La Estrategia Nacional de Energía (ENE) 2013-2027que elaboró la Secretaría de Energía prevé mantener la producción de petróleo a su actual nivel de 2.5 millones de barriles diarios (mbd), lo cual “representará un importante reto técnico y económico, ya que la mayor parte de los campos productores en el país se encuentran en etapas maduras o en vías de declinación”.

De acuerdo con el documento, en los últimos 12 años, la inversión en actividades para exploración y producción de hidrocarburos se incrementó más de tres veces, pasando de 77 mil 860 millones de pesos a 251 mil 900 millones de pesos.

En el diagnóstico que presenta este documento, se señala que en un periodo de 9 años, a pesar de la mayor inversión en la historia, las reservas probadas de petróleo disminuyeron 31.2% pasando, así que la recomendación en el mediano plazo es que “un aumento sostenido en la producción de hidrocarburos deberá respaldarse con una reposición continua de reservas probadas superior al 100%, la diversificación del portafolio y el crecimiento de la producción en yacimientos de mayor complejidad”.

Además, el país es un importador de gasolinas, diésel, turbosina, gas natural, gas licuado de petróleo y petroquímicos.
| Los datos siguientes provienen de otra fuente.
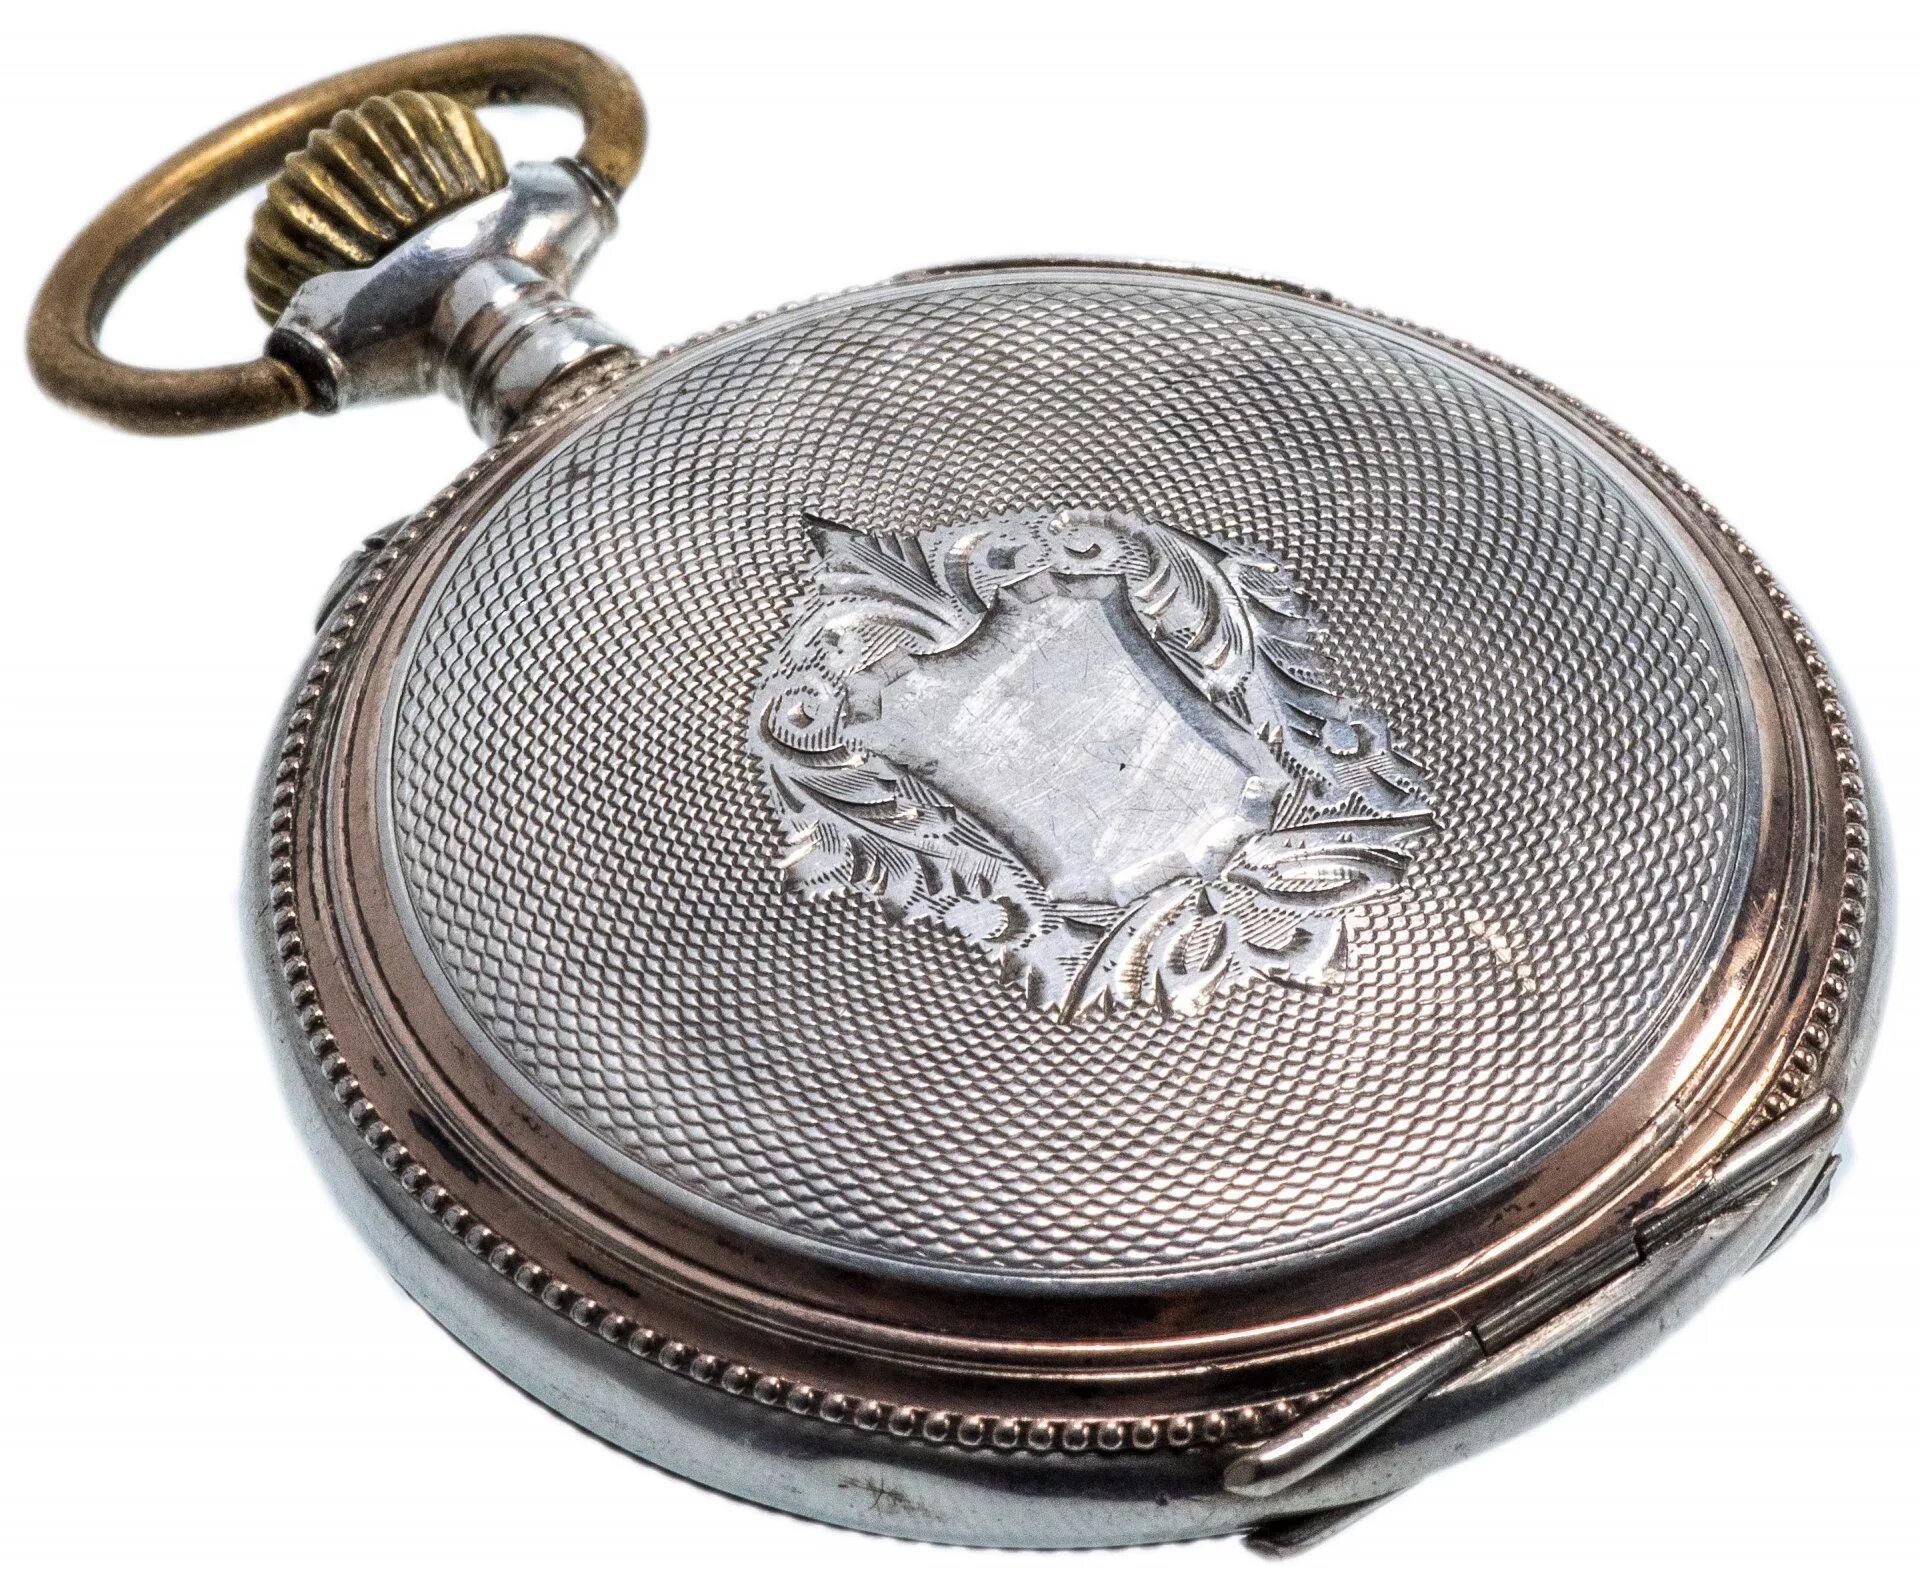 Швейцарские карманные часы. Карманные часы Galonne Швейцария. Часы карманные швейцарские Galonne серебро 0.800 проба. Часы Galonne карманные серебряные. Часы карманные Bellaria серебряные.

El asunto no queda allí “además, muchos de los sistemas de transporte de energéticos presentan signos de obsolescencia, capacidad insuficiente, problemas de integridad física y, en general, se cuenta con pocas rutas de transporte por medio de ductos que provean vías alternas de abastecimiento o que puedan expandirse hacia áreas del territorio nacional que hoy no se encuentran atendidas”.

Hace unos días ante los socios del Club de Industriales, el Secretario de Energía, Pedro Joaquín Coldwell, expuso que con la reforma energética se busca aumentar la participación de las empresas mexicanas en el rubro de la industria petrolera aunque el Estado se queda con la producción de aceite. Además, se trata de convertir a Pemex en una empresa productiva, preservar el dominio de la nación sobre los hidrocarburos, incrementar la renta petrolera del Estado y fortalecer los órganos de regulación del sector.
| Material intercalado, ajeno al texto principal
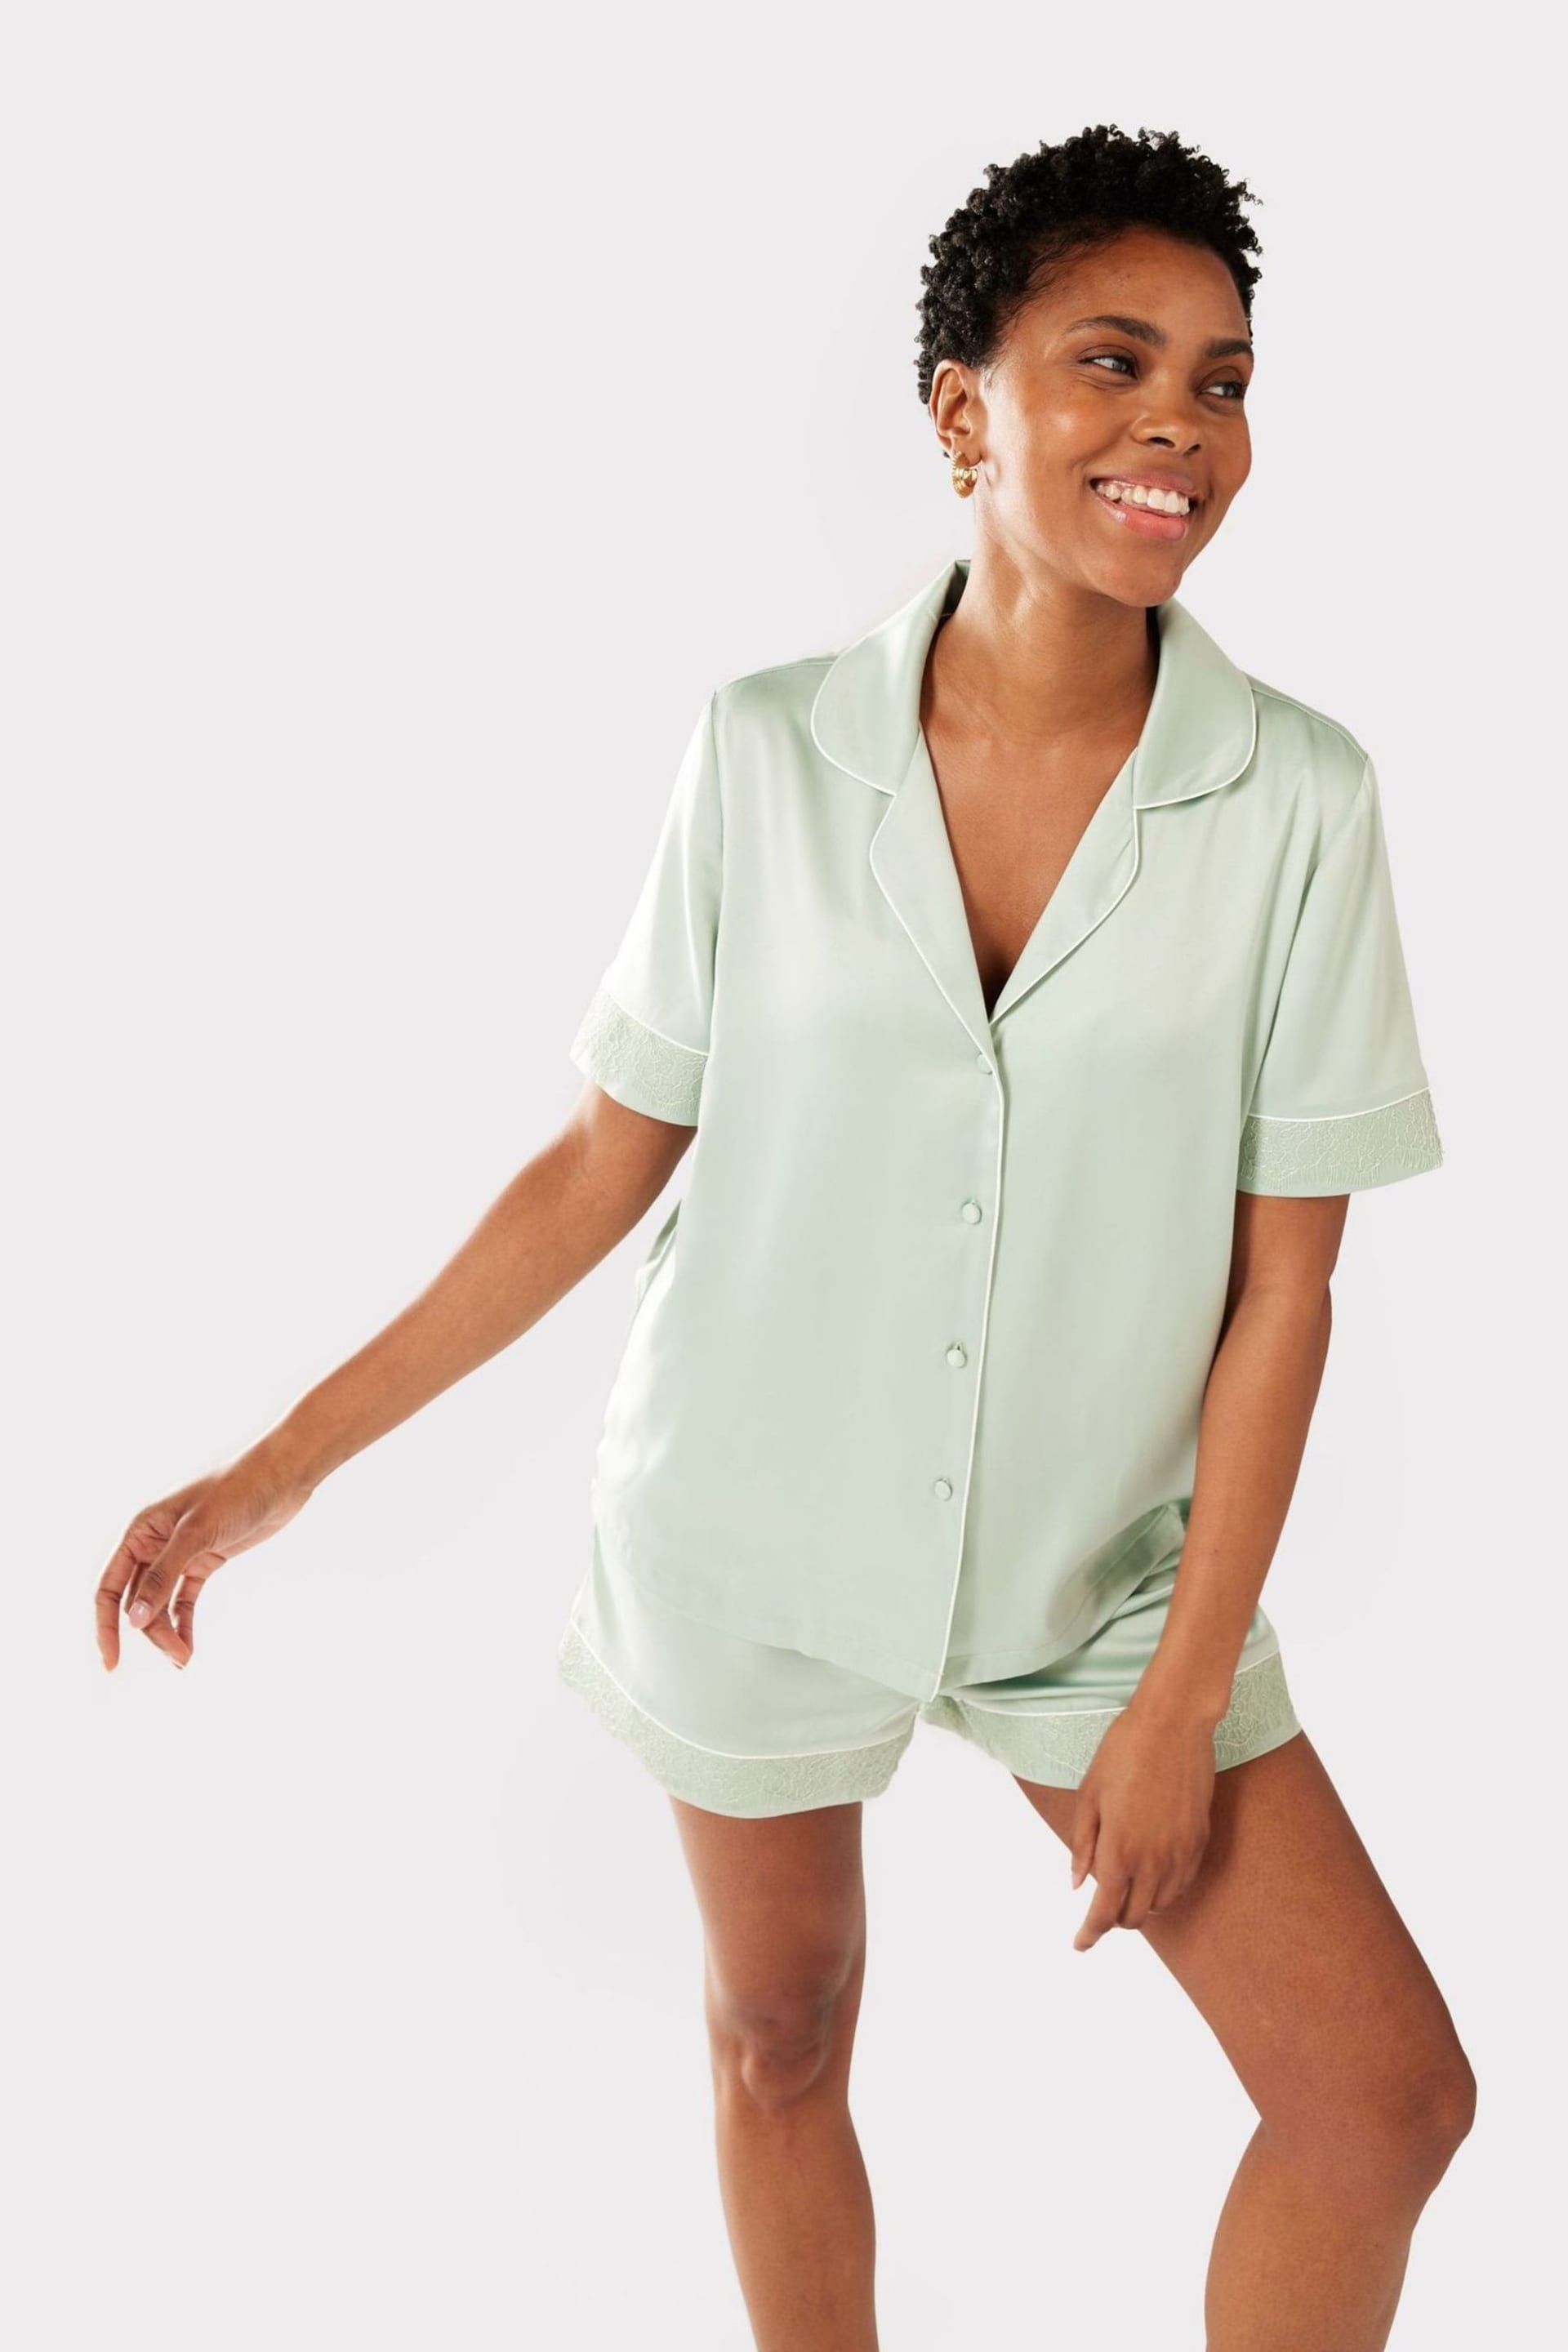 Chelsea Peers Green Satin Lace Trim Short Pyjama Set - Image 4 of 5

Del mismo modo, el titular de Pemex, Emilio Lozoya Austin, en una reunión con legisladores de las fracciones parlamentarias del Partido de la Revolución Democrática (PRD) explicó que el país tiene un potencial de 30 años en reservas probadas y que la generación de petróleo comienza a crecer, ya que la sustitución de reservas se mantiene por encima del 100% “es decir, por cada barril de petróleo que se está sustrayendo se está encontrando uno”. En cuanto a la producción previó que este año podría crecer por arriba de los 2.6 millones de barriles diarios.
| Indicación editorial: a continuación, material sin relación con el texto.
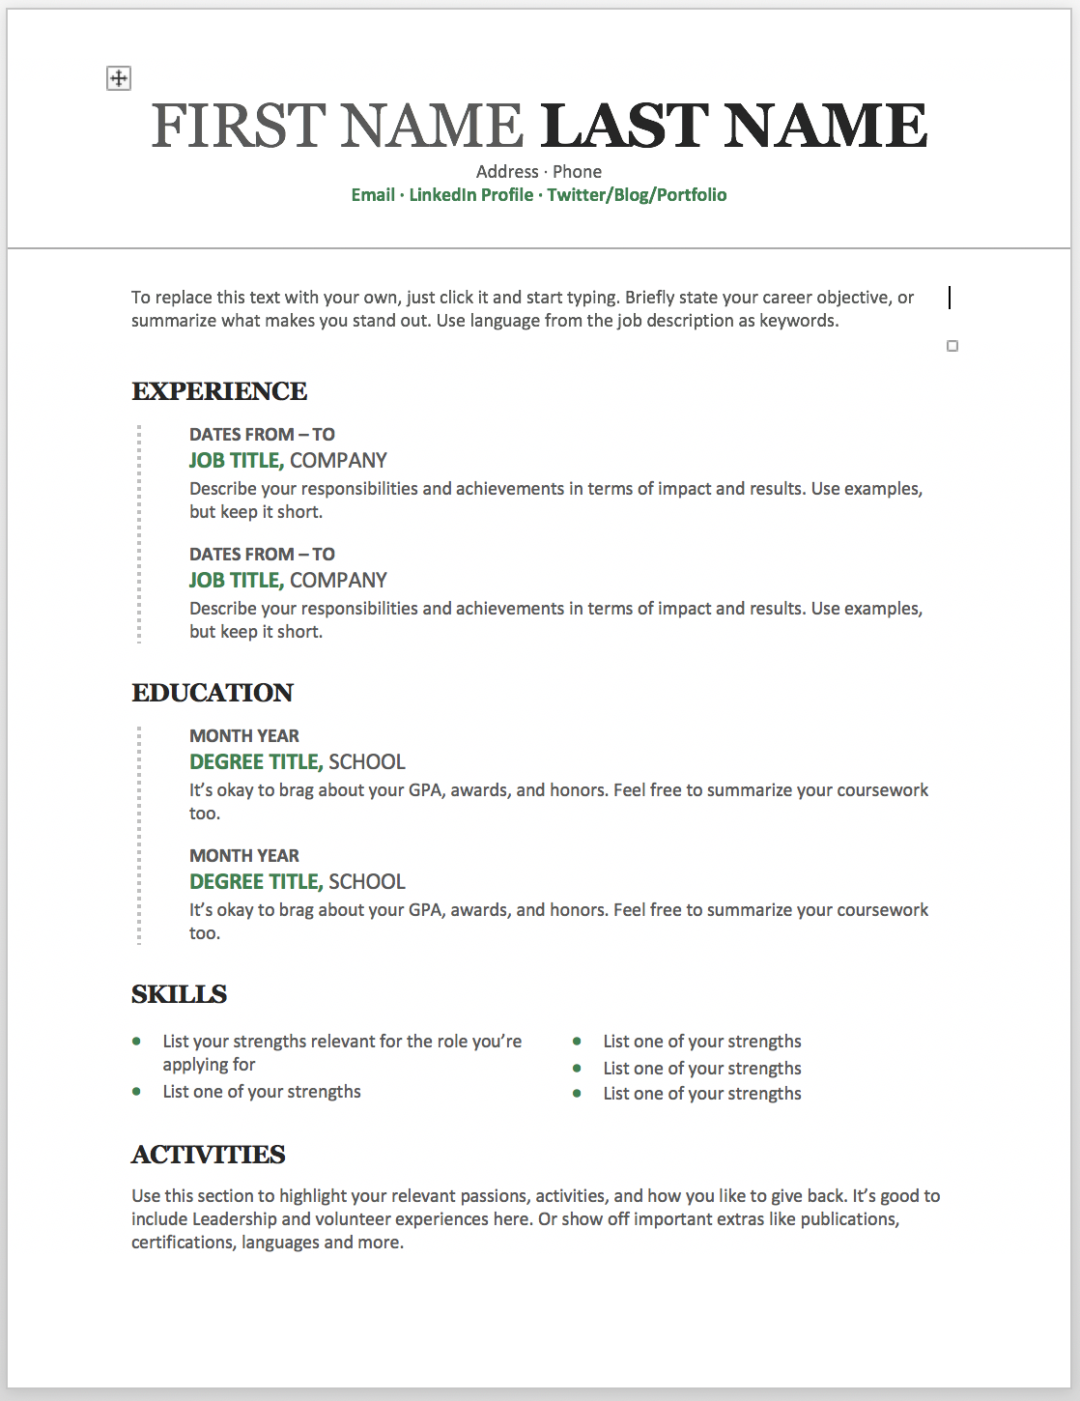 free-eye-catching-resume-templates-growth-skills

En los planes que delineó para Pemex se cuentan introducir mejores prácticas de gobierno corporativo, así como garantizar la flexibilidad presupuestal y operativa; además de cumplir con los objetivos de maximizar el valor económico, cumplir con metas orientadas al desarrollo de la industria nacional, mantener la sustentabilidad ambiental y la seguridad energética del país.

Queda esperar por la reforma energética para ver que nuevos caminos se abren o se cierran en el futuro de la paraestatal, pero vale la pena observar si el Estado estará dispuesto a atar de manos a los privados mediante un régimen fiscal abusivo como hasta ahora lo ha hecho con Pemex o si por el contrario, le otorgará todos las facilidades que le ha negado la petrolera mexicana considerada como la “gallina de los huevos de oro”.